At other times, the memory cell contains a value that needs to be preserved for many time steps. To do this the LSTM model adds another gate, the input gate or write gate, which can be closed so that no new information flows into the memory cell (see Figure 1). This way the data in the memory cell is protected until it is needed.

Another gate manipulates the output from the memory cell by multiplying the output of the memory cell by a number between 0 (no outputs) and 1 (preserve output) (see Figure 1). This output gate may be useful if multiple memories compete against each other.
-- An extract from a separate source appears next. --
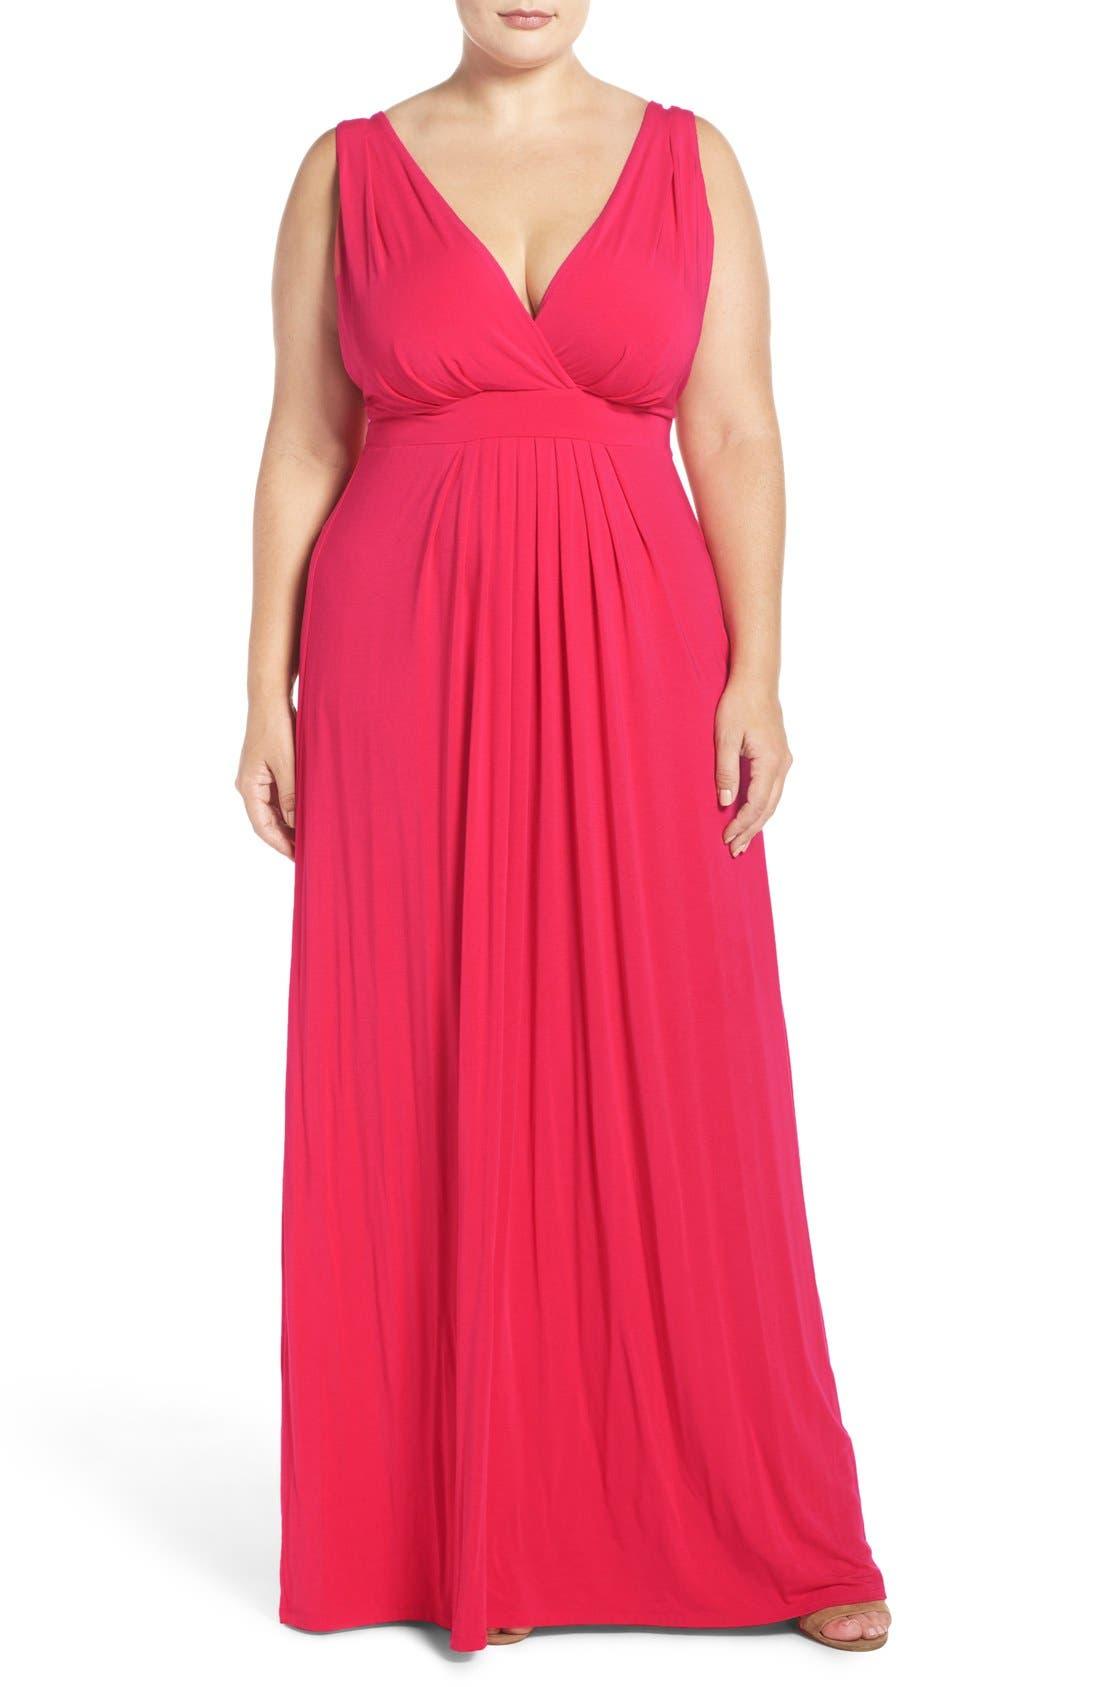 Chloe Empire Waist Maxi Dress,                         Main,                         color, Rose Red

Accelerating Long Short-Term Memory using GPUs

The parallel processing capabilities of GPUs can accelerate the LSTM training and inference processes. GPUs are the de-facto standard for LSTM usage and deliver a 6x speedup during training and 140x higher throughput during inference when compared to CPU implementations. cuDNN is a GPU-accelerated deep neural network library that supports training of LSTM recurrent neural networks for sequence learning. TensorRT is a deep learning model optimizer and runtime that supports inference of LSTM recurrent neural networks on GPUs. Both cuDNN and TensorRT are part of the NVIDIA Deep Learning SDK.

Additional Resources

  1. “Deep Learning in a Nutshell: Sequence Learning” Dettmers, Tim. Parallel For All. NVIDIA, 7 Mar 2016.
  2. “LSTM: A Search Space Odyssey” Greff, Klaus et al. Transactions on Neural Networks and Learning Systems. IEEE, 10 Oct 2017.
  3. “Long Short-Term Memory” Hochreiter, Sepp. Neural Computation Journal, 15 Nov 1997.
  4. “Optimizing Recurrent Neural Networks in cuDNN 5” Appleyard, Jeremy. Parallel For All. NVIDIA, 6 Apr 2016.
  5. “Understanding LSTM Networks” Olah, Christopher. Colah’s Blog, 27 Aug 2015.